Sample plots (Refer to full paper for the description)

Standardized Incidence Ratio

Rook vs Queen neighbor links

Moran scatterplot

Moran statistic mapped at county level

LISA

Relative Risk


How to cite

This repository is a research work in progress. Please contact author (drpatelkhush@gmail.com) for details on reuse of code.

References

  1. Colorectal Cancer Statistics | How Common Is Colorectal Cancer? https://www.cancer.org/cancer/colon-rectal-cancer/about/key-statistics.html.

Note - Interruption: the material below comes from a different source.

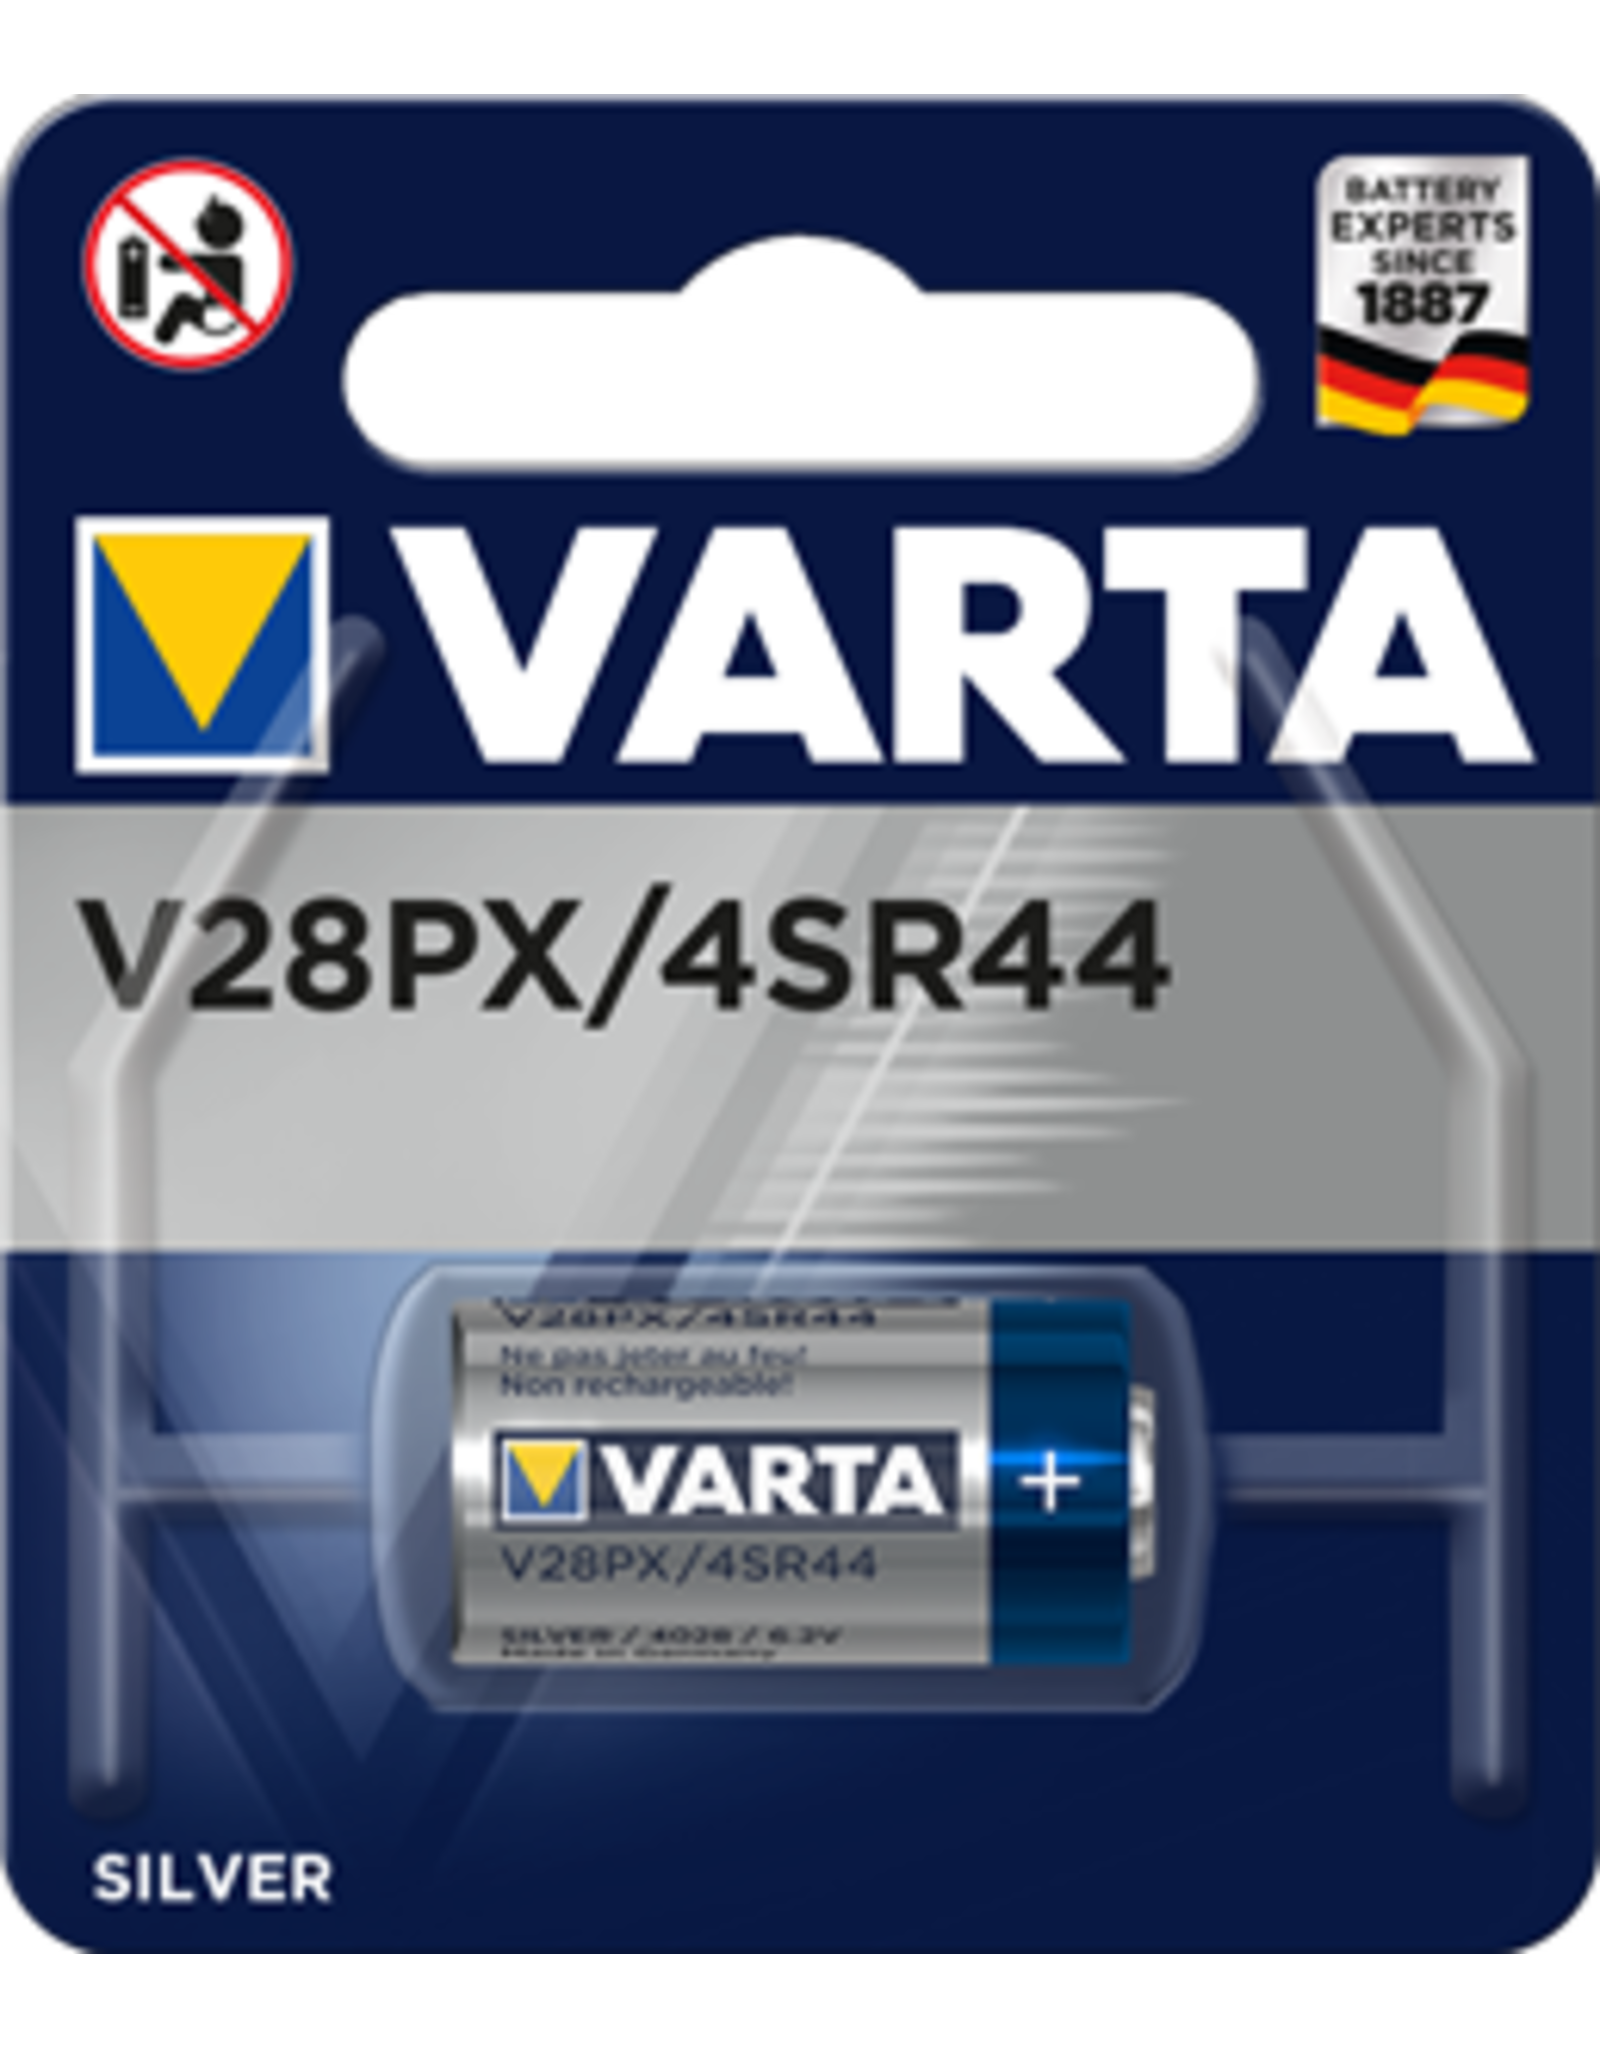 Varta Varta V-28PXL 6 Volt Lithium Battery

Accessed 2 May 2021.

  2. Colorectal Cancer, United States—2007–2016 | CDC. 2020. https://www.cdc.gov/cancer/uscs/about/data-briefs/no16-colorectal-cancer-2007-2016.htm. Accessed 17 Mar 2021.

  3. Doubeni CA, Major JM, Laiyemo AO, Schootman M, Zauber AG, Hollenbeck AR, et al. Contribution of behavioral risk factors and obesity to socioeconomic differences in colorectal cancer incidence. J Natl Cancer Inst. 2012;104:1353–62.

  4. Rodriguez N, Smith J. The Association Between Education and Colorectal Cancer Screening among United States Veterans Aged 50-75 Years Old: 286. Off J Am Coll Gastroenterol ACG. 2016;111:S134.

  5. Crookes DM, Njoku O, Rodriguez MC, Mendez EI, Jandorf L. Promoting colorectal cancer screening through group education in community-based settings. J Cancer Educ Off J Am Assoc Cancer Educ. 2014;29:296–303.